Sirius managing director and Australian expatriate, Chris Fraser, said given Mrs Rinehart’s expertise in both mining and agriculture, her investment in the company’s patented fertiliser product and production plans was a significant vote of confidence.

Sirius expects to ramp up production from an initial 10m tonnes a year in 2018 to 13m tonnes (subject to development approvals) and eventually 20m tonnes by 2024.

The company has other buyers lined up in Europe, Central America, Africa, and China, which is set to take about a third of its projected output.

Hancock chief executive officer, Garry Korte, said the strong investment fundamentals behind the project, including the need to feed the world’s growing population and help boost farmland efficiency, had prompted his company to invest in the innovative Poly4 product.

Sirius Minerals was Hancock’s first major overseas investment.

The natural fertiliser business would provide a useful value-add to Mrs Rinehart’s expanding agricultural holdings.

Last year proved a busy one for Hancock’s farm sector investment push, concluding in late December with Mrs Rinehart visiting the Adelaide offices of Kidman and Company, now officially part of AOB, the partnership with 33pc Chinese shareholder Shanghai CRED.

Accepting an S. Kidman and Co branding iron from managing director, Greg Campbell, to mark her visit, Mrs Rinehart noted a century ago Sir Sidney Kidman and her grandfather, James Nicholas, had run business interests together.

“My mother thought very, very highly of her father, and I can’t help but feel she would be very happy our company has taken this historic step,” Mrs Rinehart said.

“We will build on this historic legacy as we plan to increase productivity and further invest to grow the iconic brand.”

AOB has acquired two thirds, or about 77,000 square kilometres of the Kidman company’s outback beef estate which went on the market in April 2015 sparking public debate and friction over the sale decision within the Kidman family.

Hancock Beef’s own cattle property assets, which already included holdings in Western Australia and central NSW, further expanded in 2016 with the purchase of Northern Territory properties “Riveren” and “Inverway” from short-lived Indonesian investors, and “Phoenix Park”.

Hancock’s ambition to be a leading Wagyu beef producer gained pace with its purchase of 1500 Wagyu cattle from globally respected northern Victorian breeder, David Blackmore.
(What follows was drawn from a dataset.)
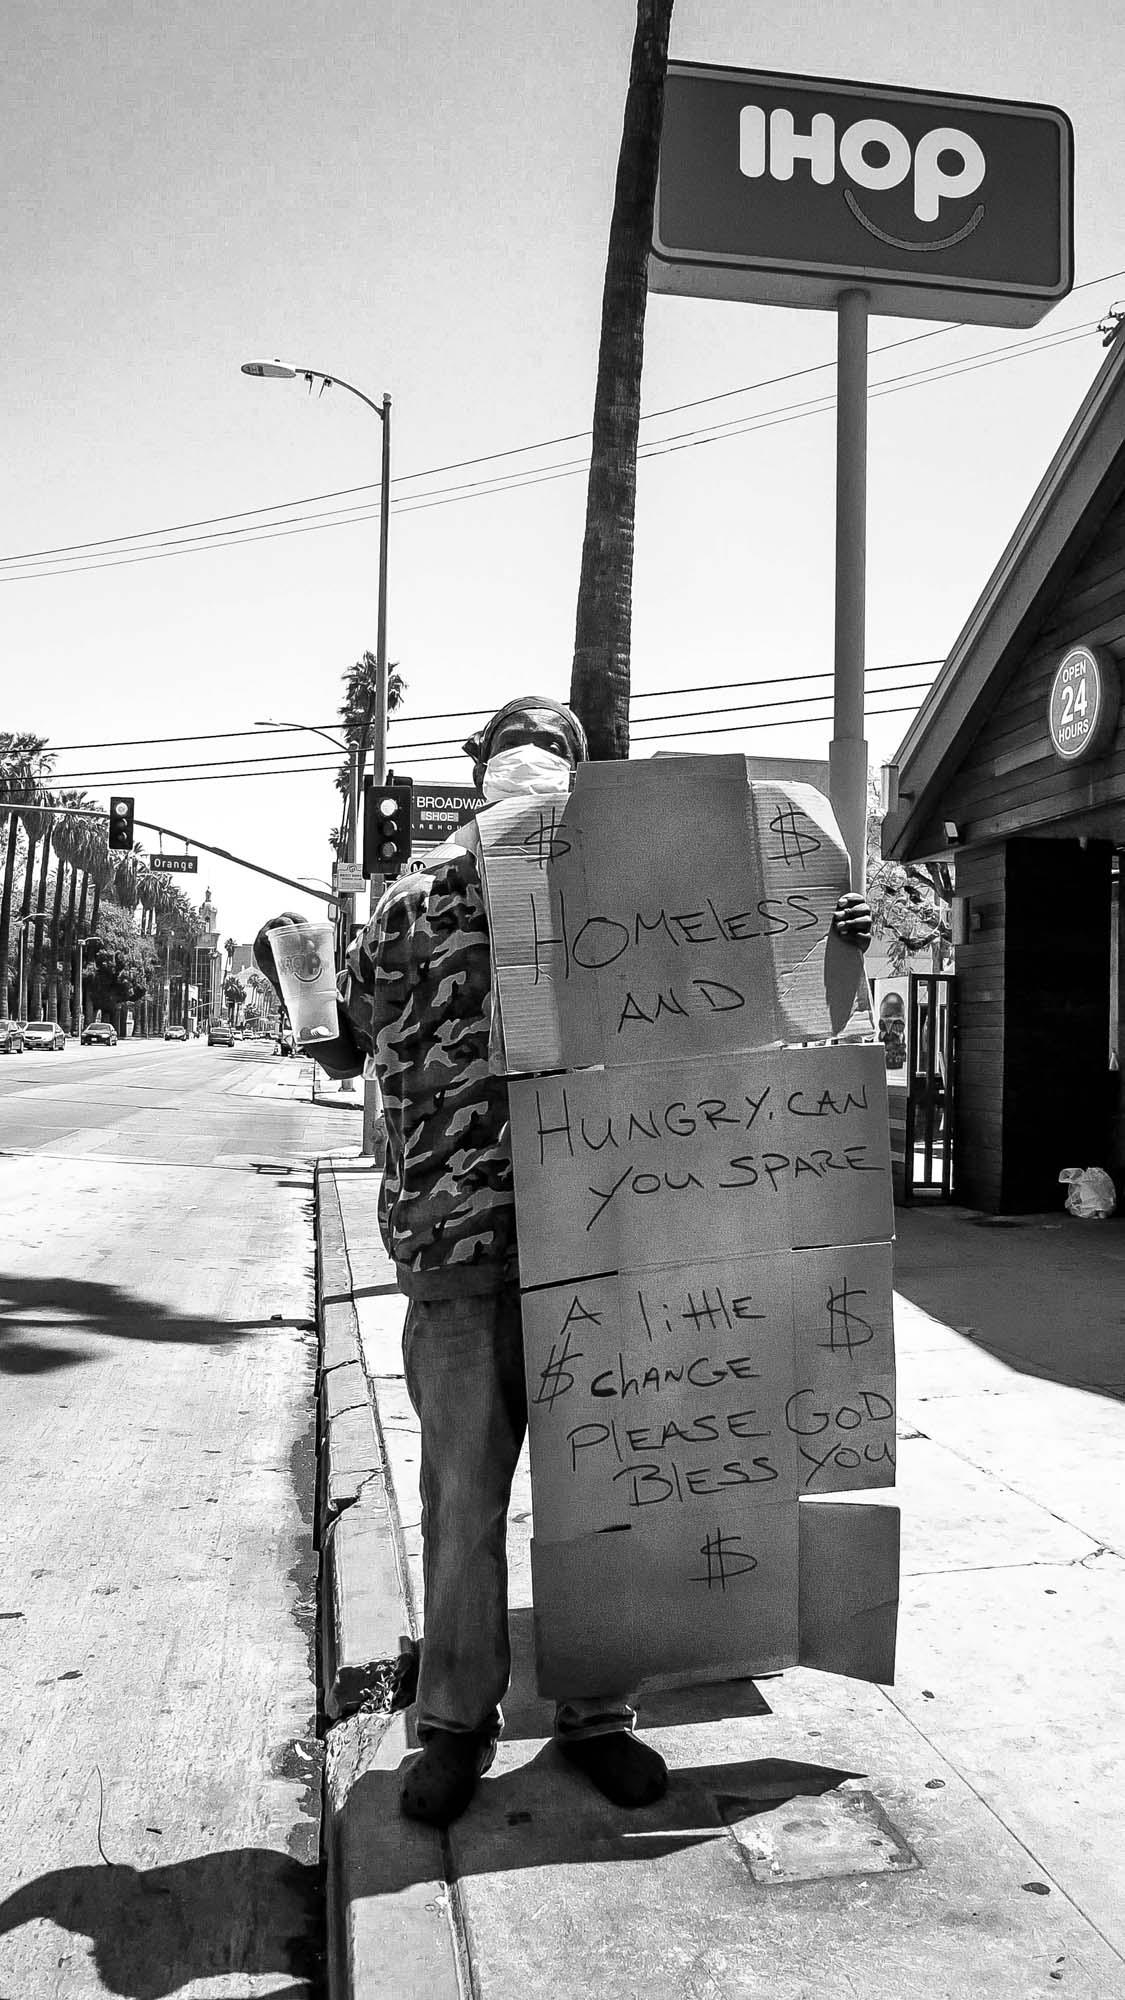 I met Ray in Hollywood while he was panhandling on Sunset Boulevard. I asked him if I could take a photo of him for five bucks. He said, “What’s it for?” I replied it was my hustle. He said, “Say no more.”

Meanwhile, Mrs Rinehart has forecast her interest in WA-based, Bannister Downs Dairy, would result in a new processing centre by 2018.

Initial construction work for the combined dairy, creamery and tourist facility has already begun.

The proposed 5000 square metre integrated building will showcase milking, processing, packaging and dispatch operations to visitors from an enclosed second-storey public viewing gallery.